The Shanghai Allied War Memorial, also called the Angel of Peace, was a war memorial on the Bund in Shanghai, China. It was unveiled in 1924 to commemorate the over 200 (mostly British) residents of the Shanghai International Settlement and French Concession who died in the service of the Allies in the First World War. The memorial was mostly dismantled in 1943, during the Japanese occupation of the city, and its empty plinth was destroyed in 1960.

== Background ==
After the foundation of the Shanghai International Settlement in 1863, the city's European residents erected a number of monuments commemorating Europeans in China and those who assisted them. The first such monument on the Bund was a small obelisk dedicated to the anti-Taiping Ever Victorious Army, erected in 1866. The North China Herald labeled it an "utterly unworthy erection." This was followed in 1880 by a more substantial and stylistically accomplished monument to Augustus Raymond Margary, which took the form of a gothic stone spire inspired by the Albert Memorial in London. Further sculptural additions to the Bund included a bronze statue of Sir Harry Parkes (1890), a memorial to the sunken German cruiser SMS Iltis (1896, destroyed 1918) which incorporated the ship's broken mast, and a bronze statue of Sir Robert Hart (1914).

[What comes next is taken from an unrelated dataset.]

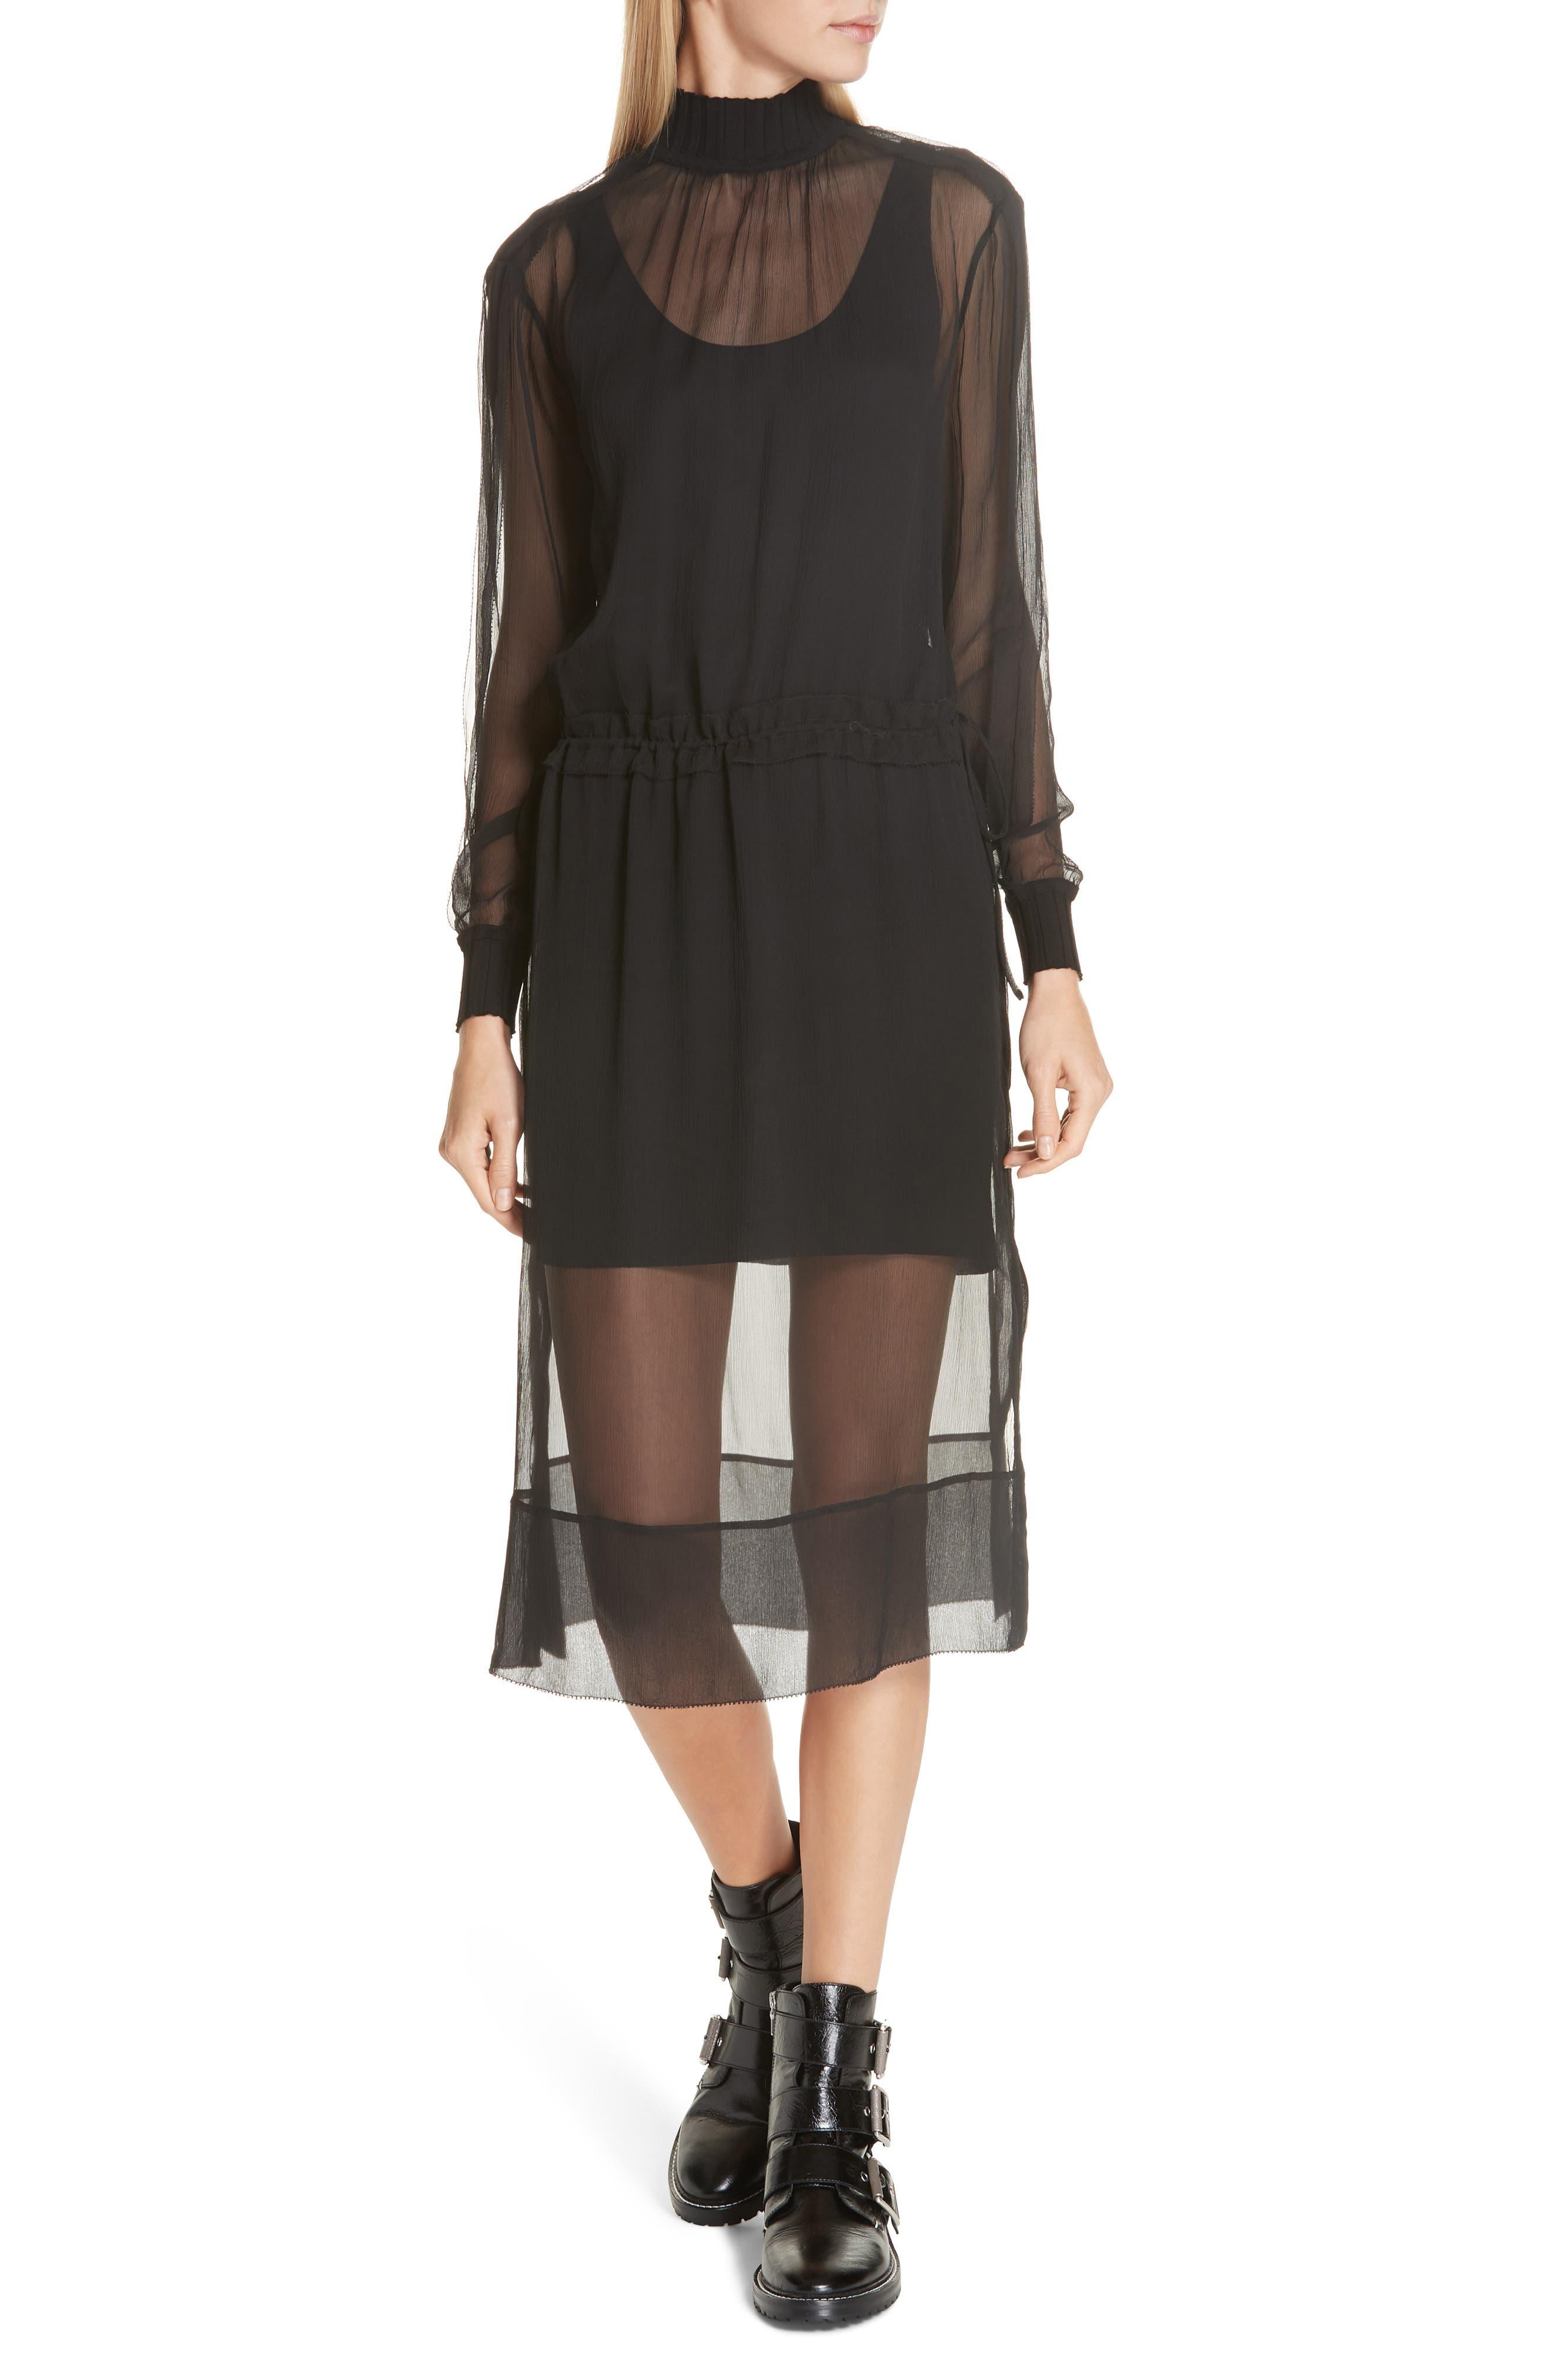 RAG & BONE, Dinah Silk Dress, Main thumbnail 1, color, 001
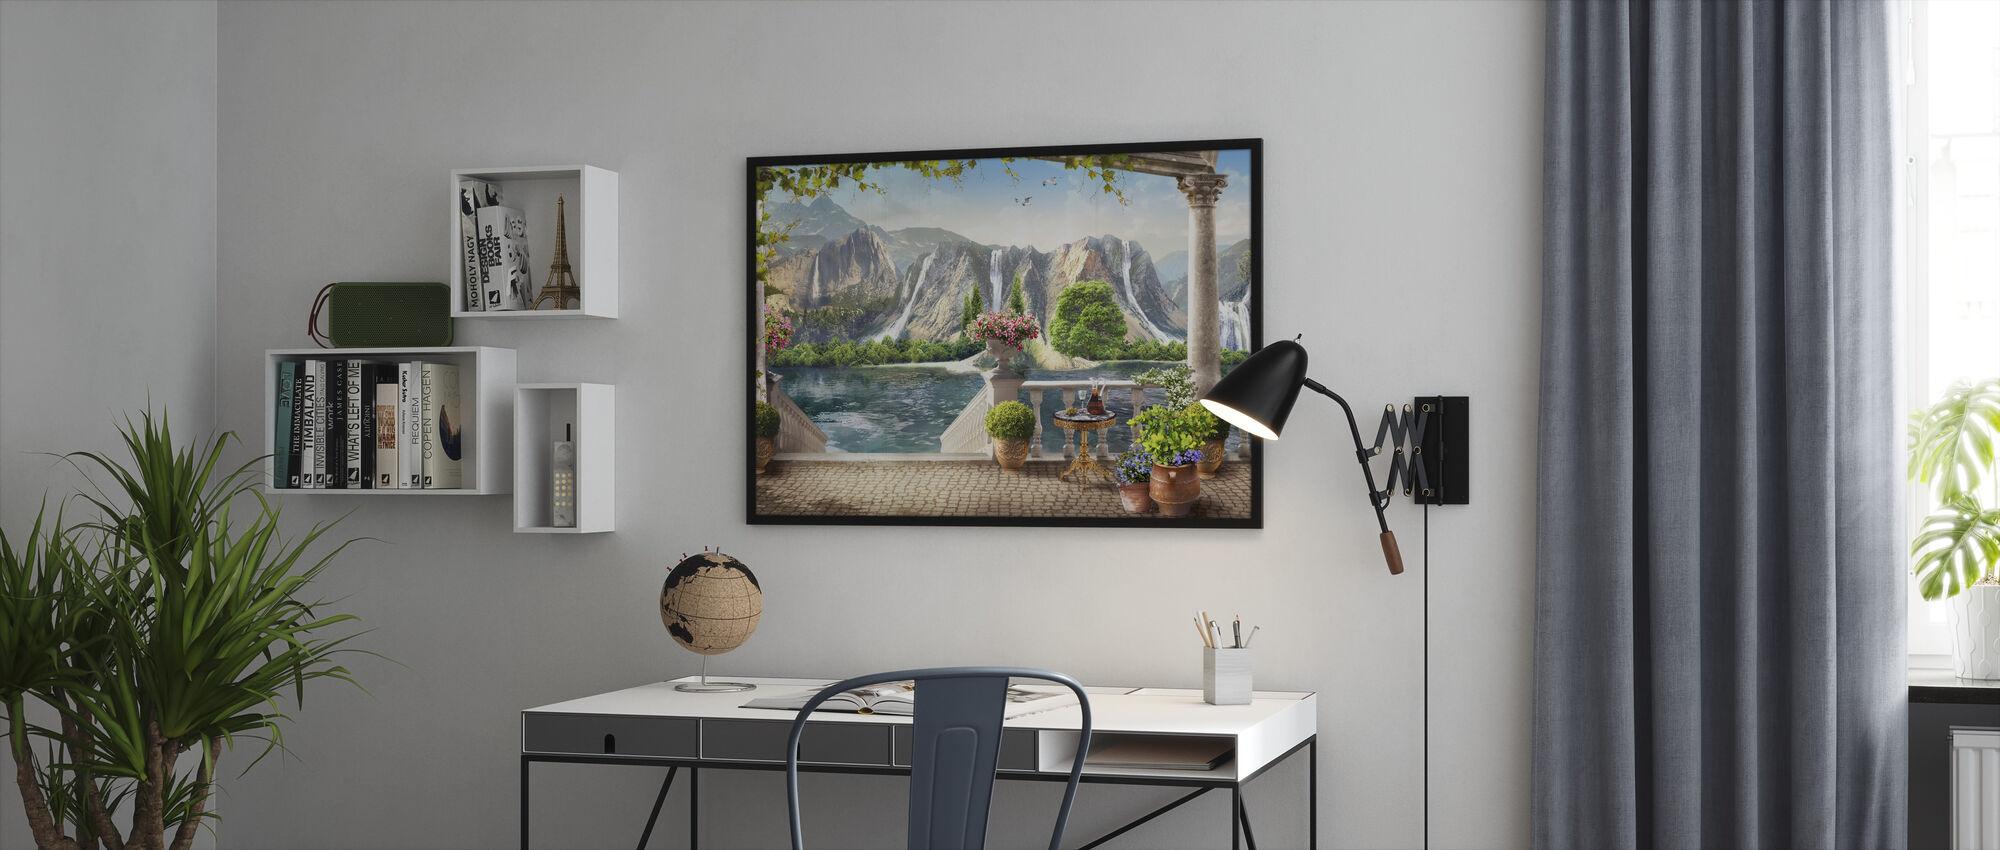 Fjell hage - Innrammet bilde - Kontor

Hundreds of British and French Shanghai residents departed to Europe in order to serve in the First World War, with the first large group departing from the Bund in October 1914. Smaller numbers of Germans departed from Shanghai and Qingdao, although they were not memorialized in Shanghai. The Shanghai-based British businessman Arthur L. Anderson lobbied for a memorial commemorating the Allied soldiers who fell in the war as early as 1916, and the municipal councils reserved a location for the memorial (at the end of Avenue Edward VII, which marked the boundary between the International Settlement and the French Concession) in 1917.

The Allied victory was widely celebrated in Shanghai, and enthusiasm for the memorial, which, according to the president of the Shanghai Club, was to signify a future where "the wisdom of the Council Chamber will be the final arbiter, not the sword", grew. A committee was established in April 1919, with the aim that the memorial be built by the citizens of Shanghai, instead of the resident diplomatic missions. The committee members comprised a diverse cross-section of Shanghai's European and Chinese elite.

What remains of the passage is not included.